### PROVIDED DATA

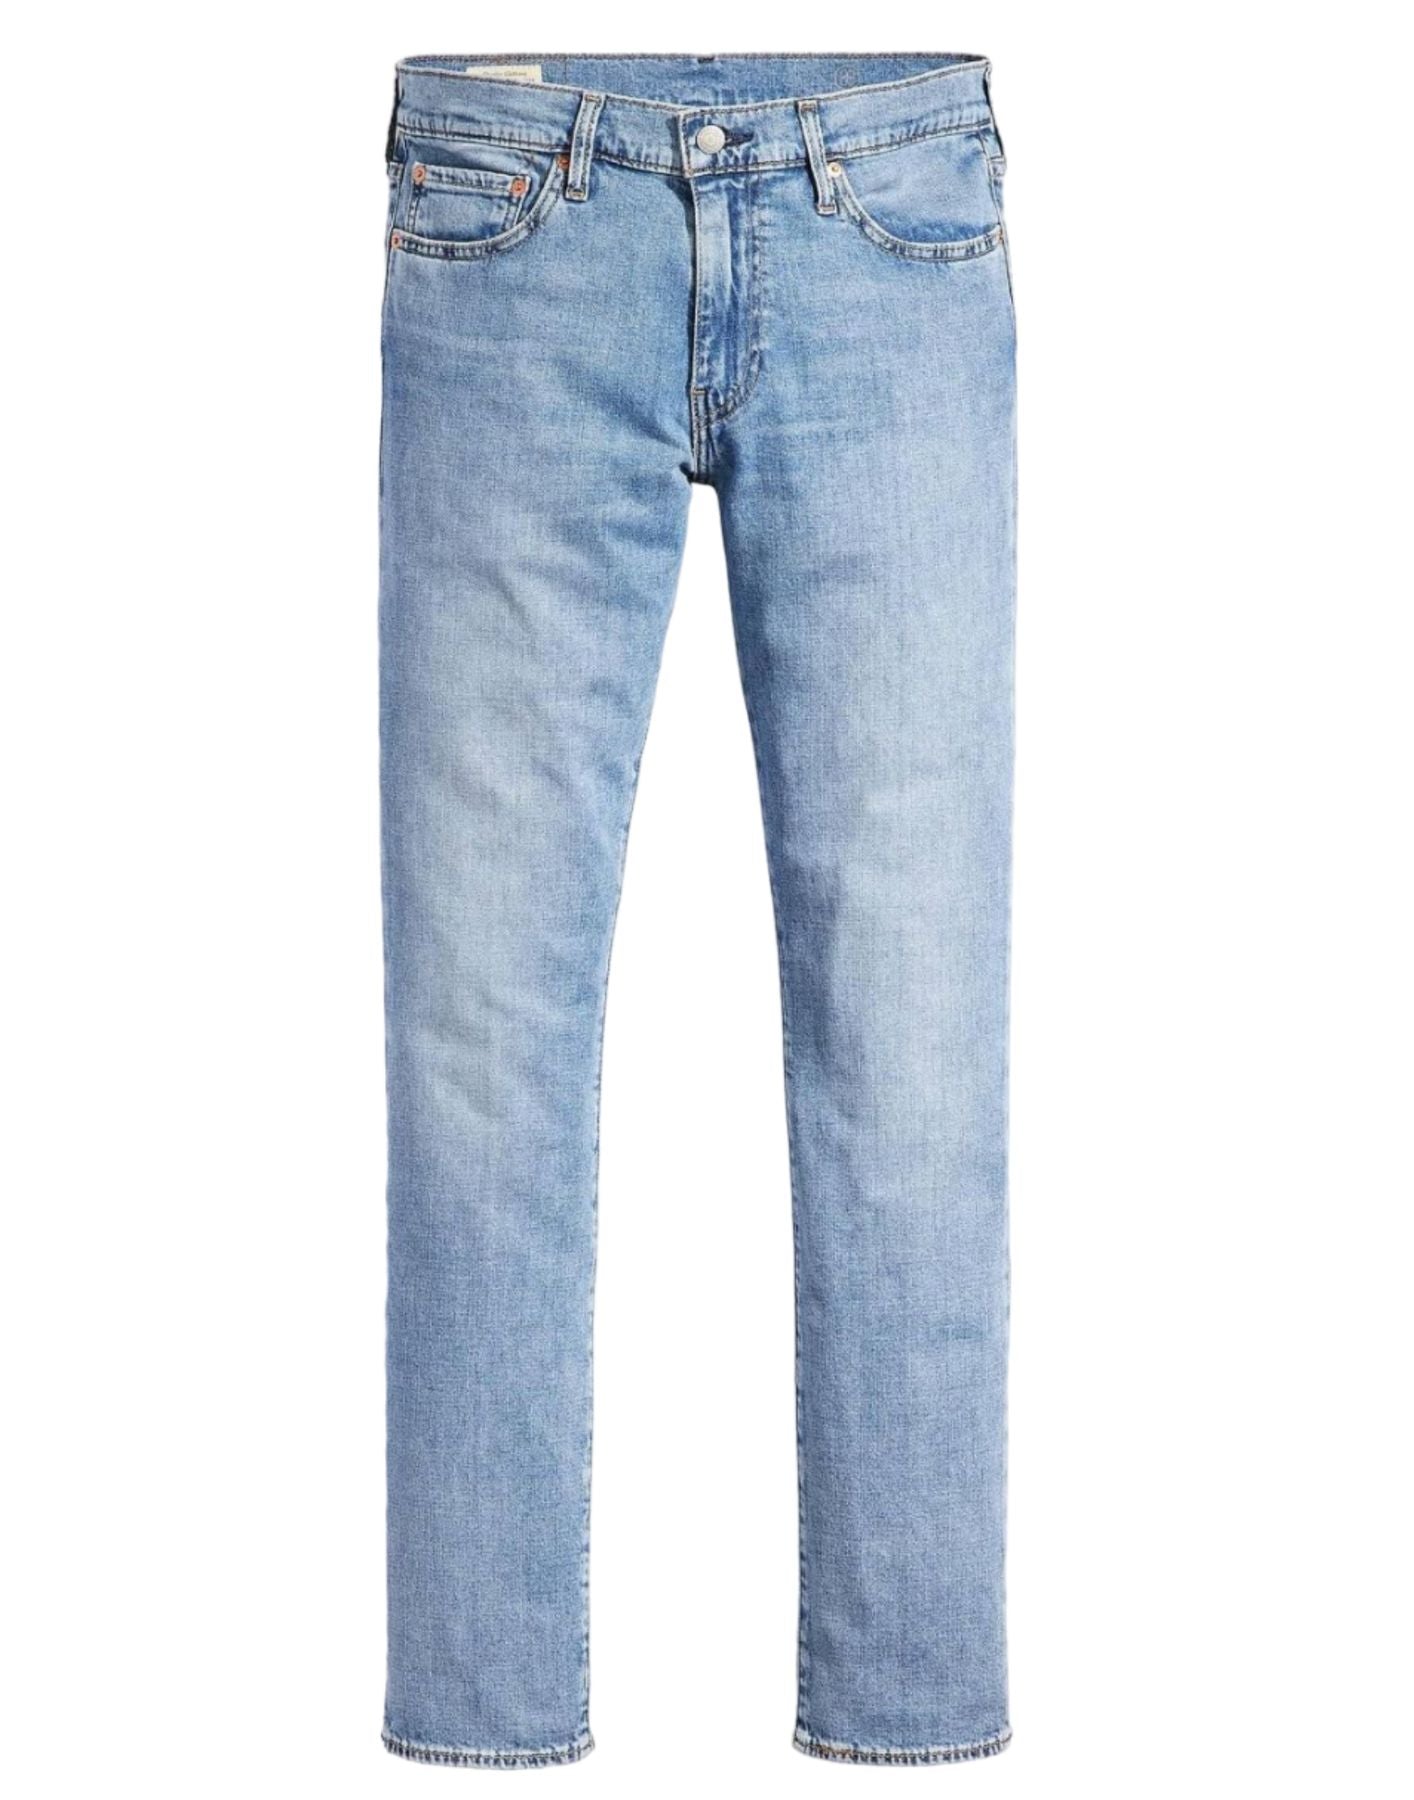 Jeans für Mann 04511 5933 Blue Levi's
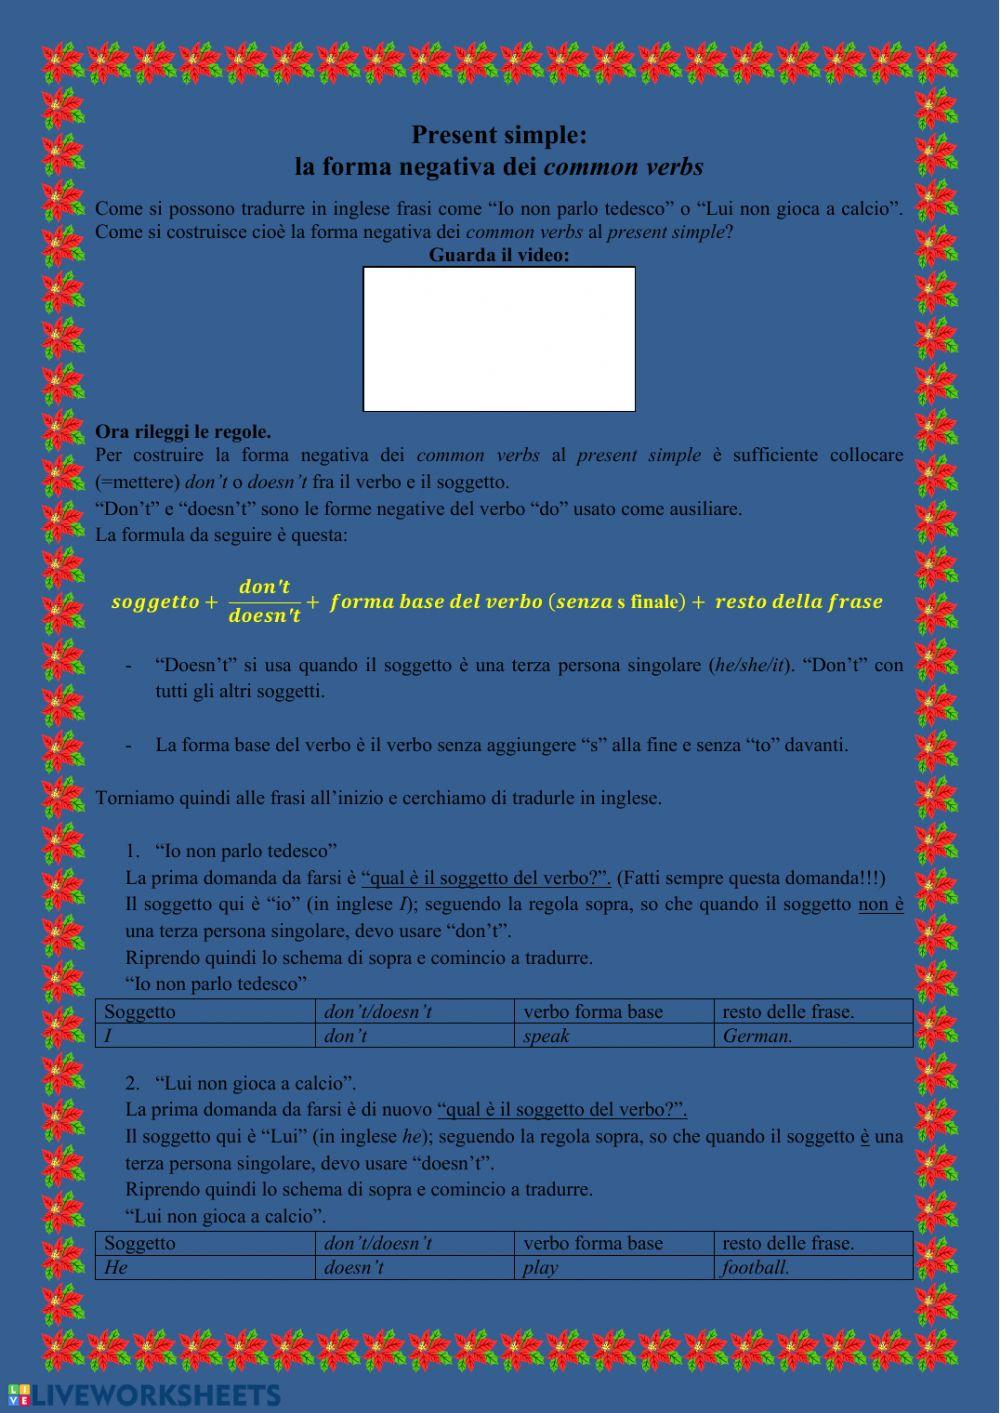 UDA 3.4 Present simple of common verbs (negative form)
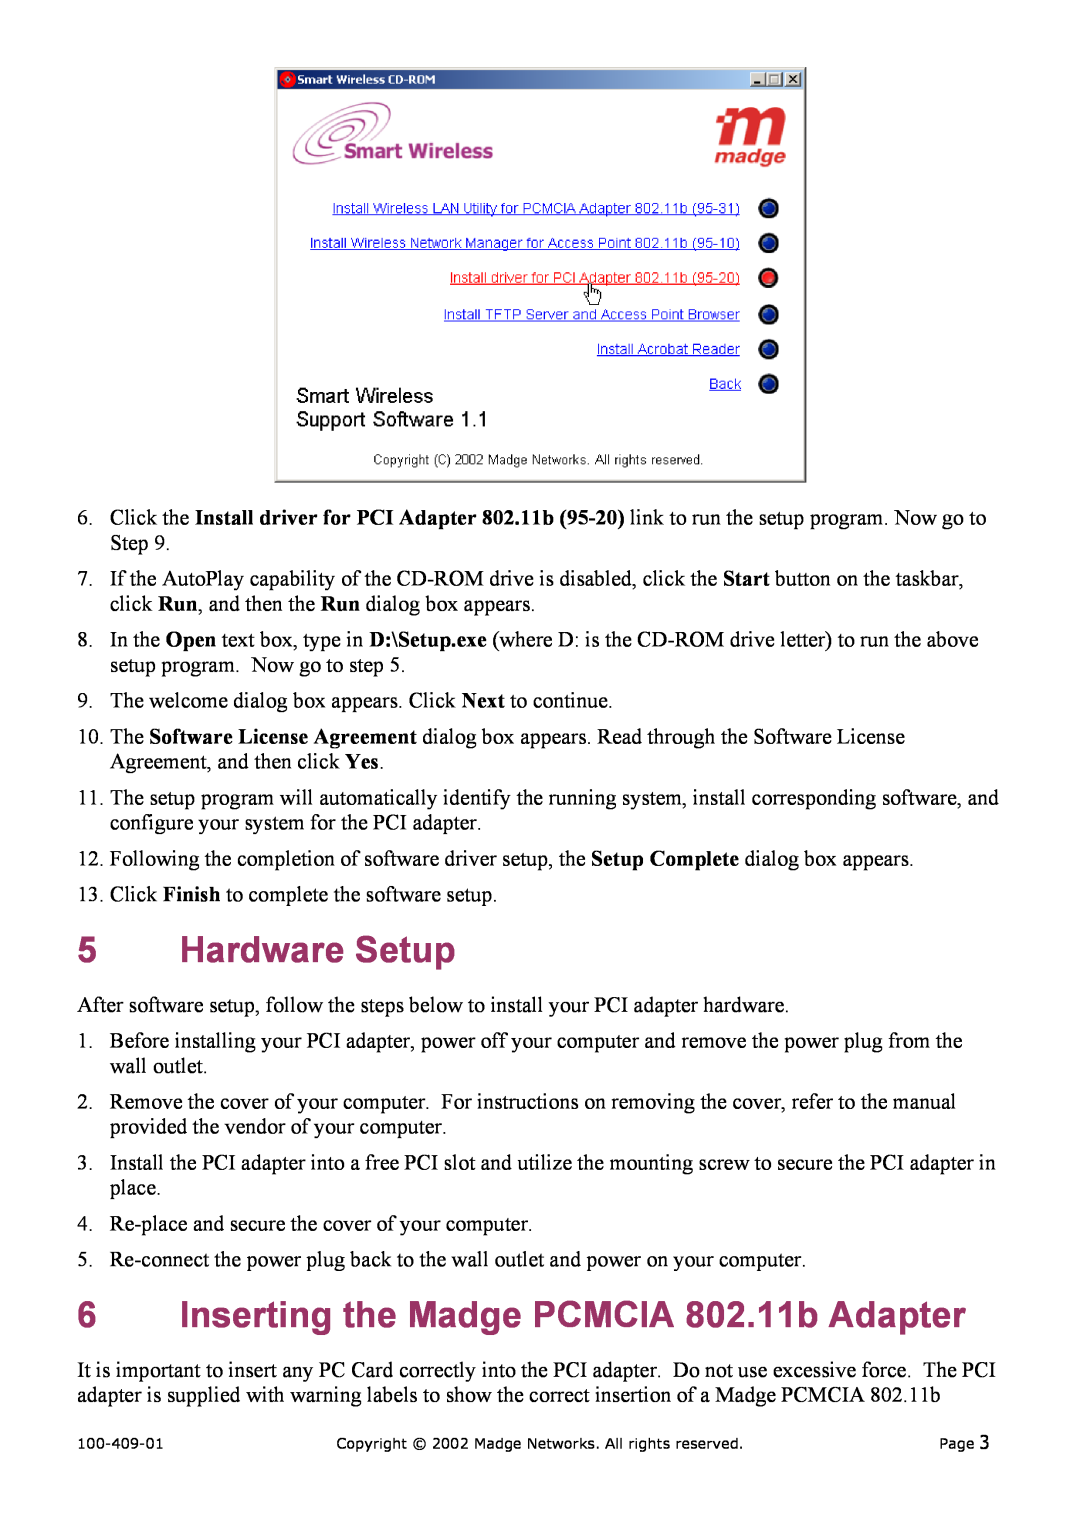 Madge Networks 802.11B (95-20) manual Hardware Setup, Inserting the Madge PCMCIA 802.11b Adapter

######

- _ABOUT THIS TASK_
Restate the material above word for word; pictures do not belong in the copy.

- _EXERCISE RESULT_
 Jeans für Mann 04511 5933 Blue Levi's
 UDA 3.4 Present simple of common verbs (negative form)
 Madge Networks 802.11B (95-20) manual Hardware Setup, Inserting the Madge PCMCIA 802.11b Adapter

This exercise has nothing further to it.